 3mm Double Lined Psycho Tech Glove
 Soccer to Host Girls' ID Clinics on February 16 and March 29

==

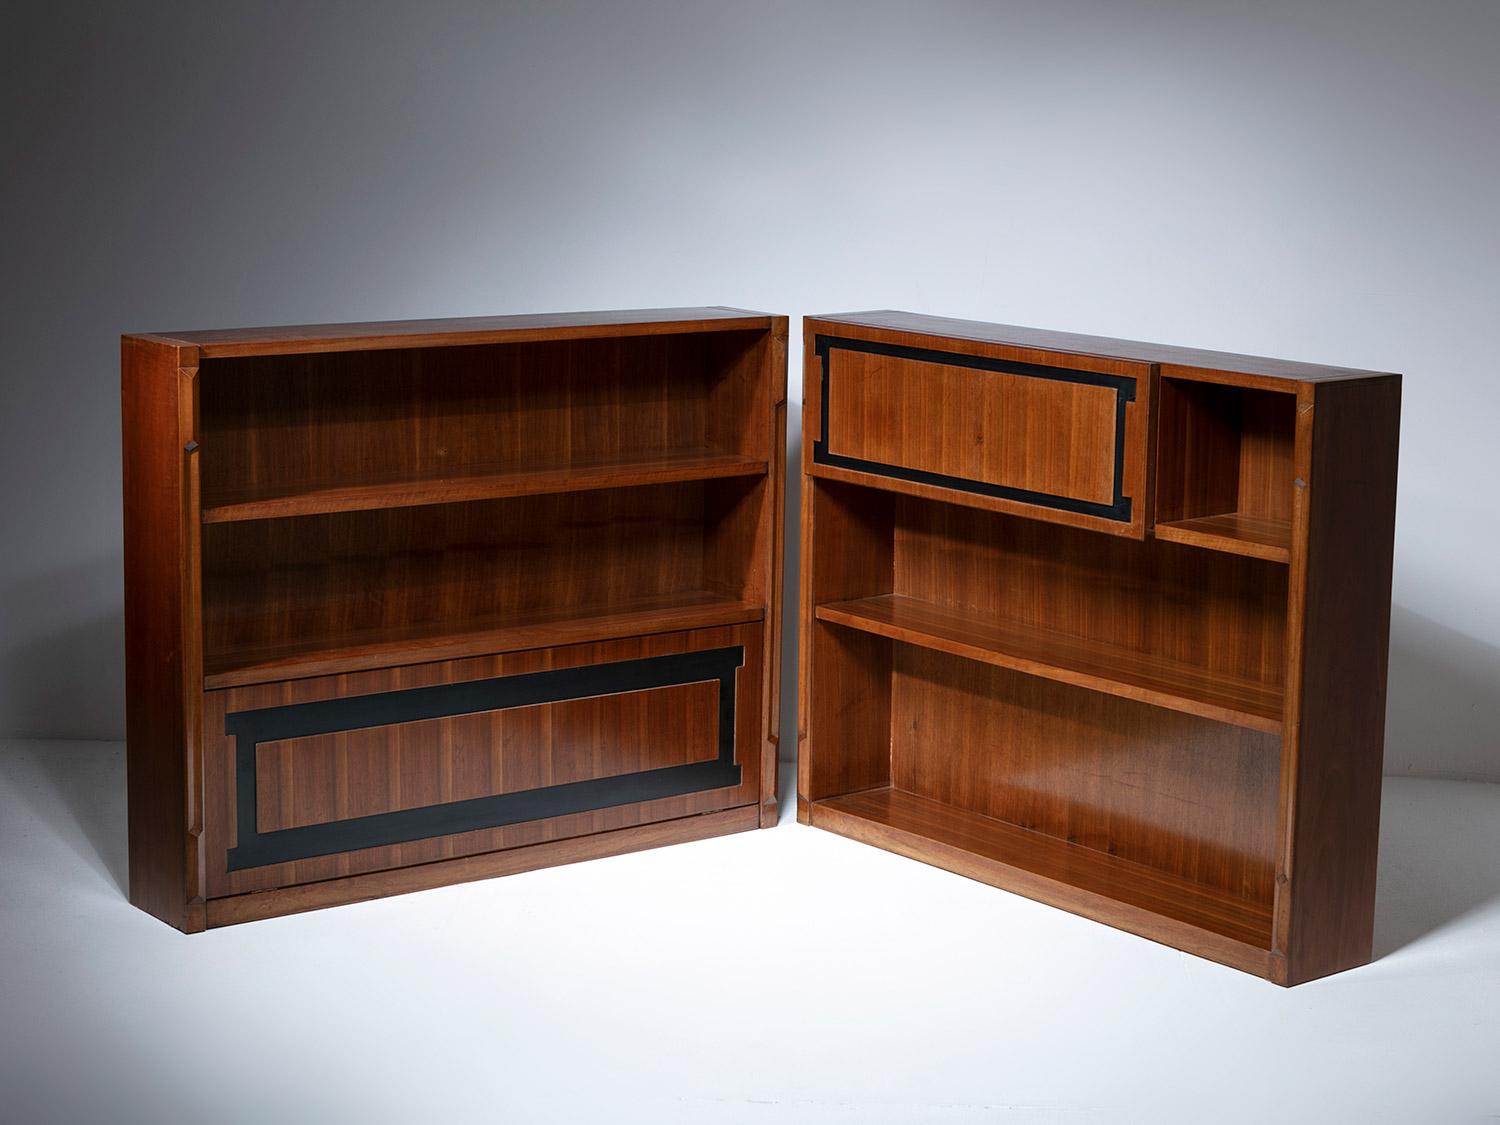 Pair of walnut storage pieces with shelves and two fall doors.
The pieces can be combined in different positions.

==

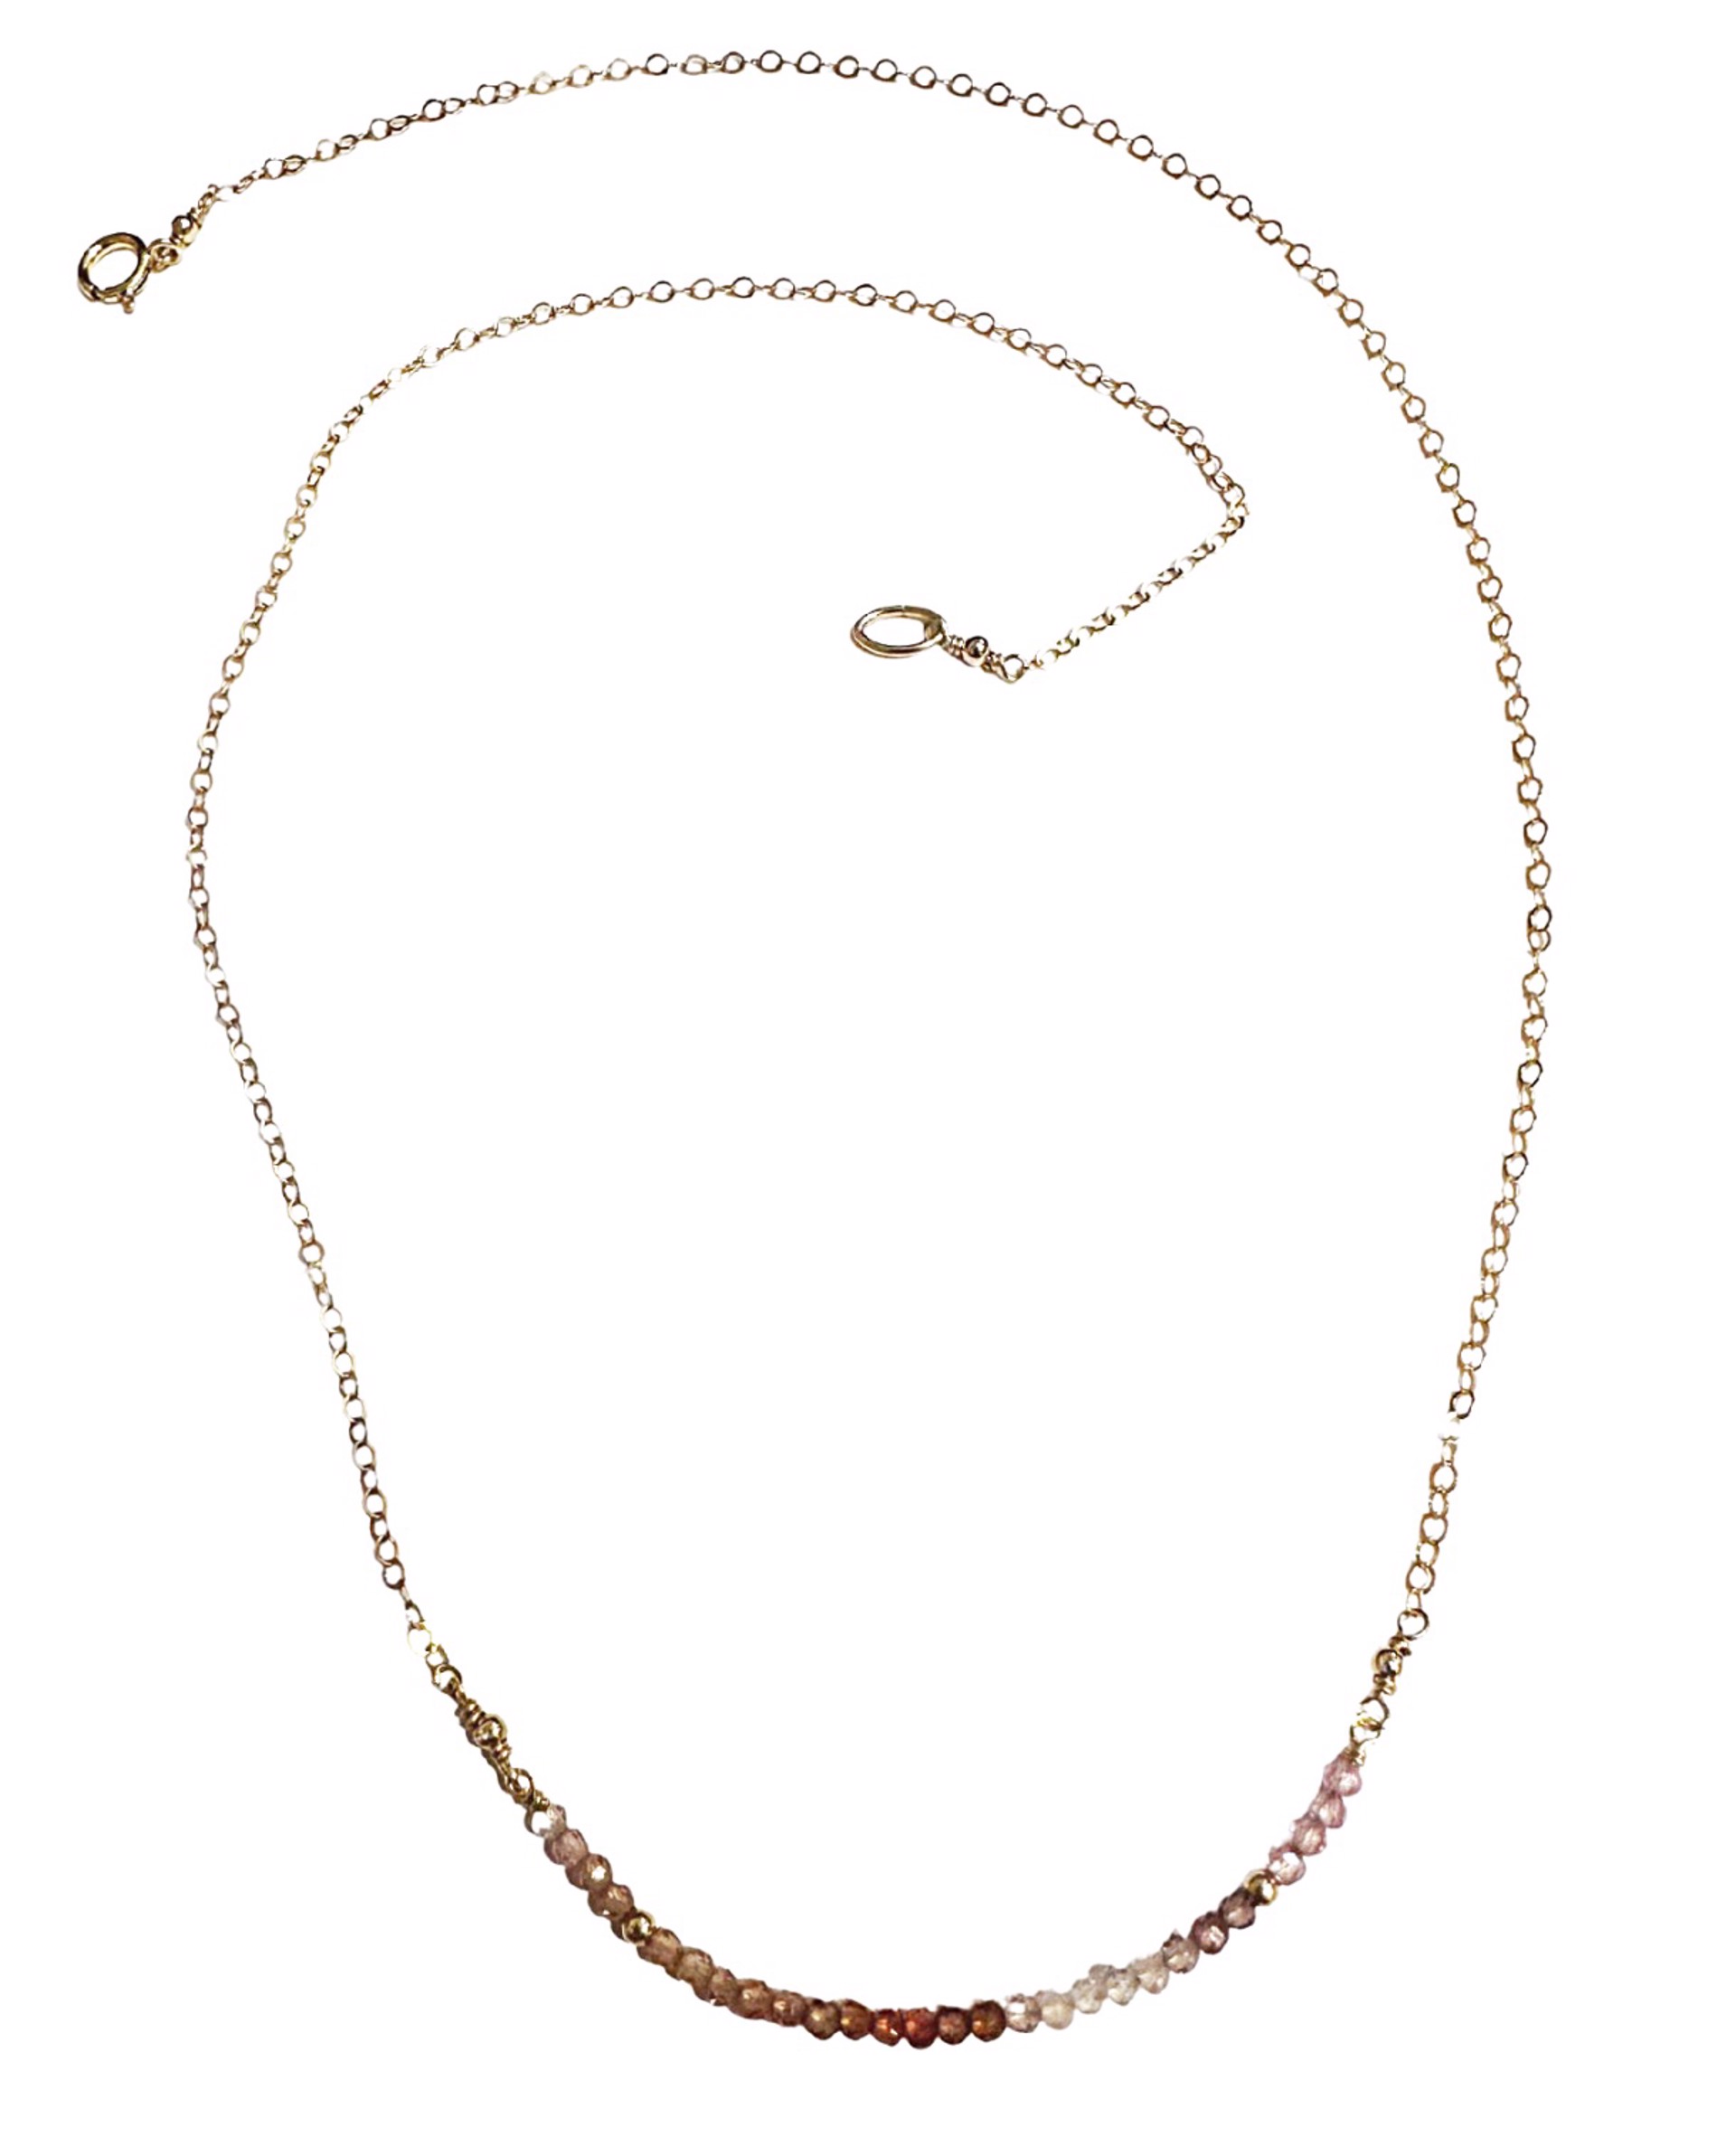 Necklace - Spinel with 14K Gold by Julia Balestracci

> Task to carry out:
With the pictures left out, write out exactly the lines above from the one containing "Pair of walnut" through the one containing "The pieces can".

> Expected output:
 Pair of walnut storage pieces with shelves and two fall doors.
The pieces can be combined in different positions.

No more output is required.